Chamber works include for ten bass clarinets (performed multiple times by Sarah Watts).
She is the founder of ClimateKeys; a global initiative with a no-fly policy in which she and scores of other solo artist create concerts in collaboration with environmental experts and hold inclusive audience conversation as part of the concert. To date has triggered over 70 ClimateKeys concerts in 15 countries.
She collaborates in live performance with leading artists and thinkers including Hanif Kureishi, Mihir Bose, Sue Hubbard, Jeremy Leggett and Kate Raworth. .
She has been interviewed live on various local and national BBC radio shows including studio BBC R3 Jazz Line-Up, feature in front of a specially invited studio audience for RTE Radio’s The Blue of the Night, Science Matters, and In Tune (performance of work for 8 hands at one piano).
She gives talks about music/environmental intersection, including Cambridge Festival of Ideas. She has been artist in residence at Naim Audio and is composer in residence at Markson Pianos (who launched her first eight piano suites in a special 7-part concert series); both positions followed her unsolicited approaches to the companies.

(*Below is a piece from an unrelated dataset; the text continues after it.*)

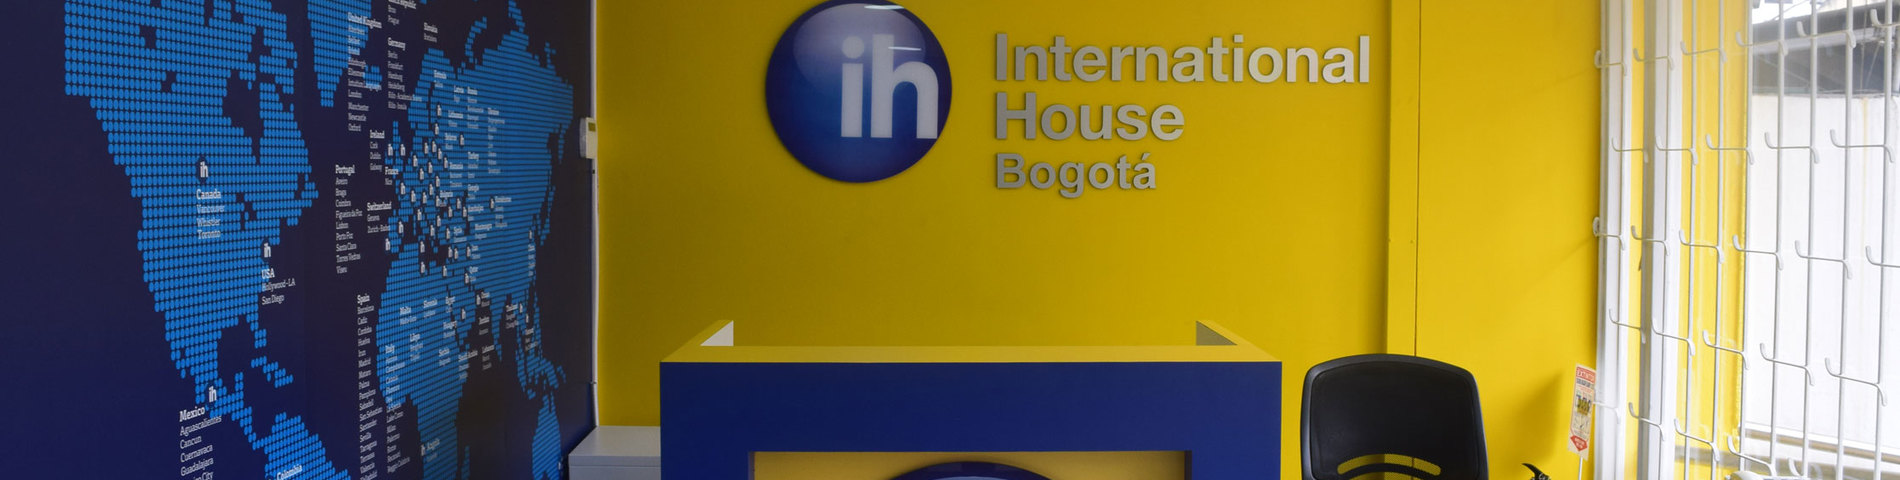 International House Bogota صورة 1

She worked with Ivory Duo Piano Ensemble to revive the only extant work by important early twentieth century African-American composer Helen Eugenia Hagan, transcribing the first movement of Piano Concerto in C Minor directly from the composer’s hand. This work now exists online - in the two-piano version scored by Hagan and is available to a growing number of piano duos contacting Lola for the score.
She has a long standing private piano teaching practice; student former Chancellor of the Exchequer Ed Ball praises her lessons in a Jay Rayner podcast.
She is currently composing new work for two pianos based on European folk melody. She is preparing a music and silent films project launching Spring 2021, touring to remote rural communities.
Lola Perrin is published by Lola Perrin Sheet Music distributed by Spartan Press. Lola has a no-fly policy. Artist-in-Residency posts have included at Naim Audio and Markson Pianos (current).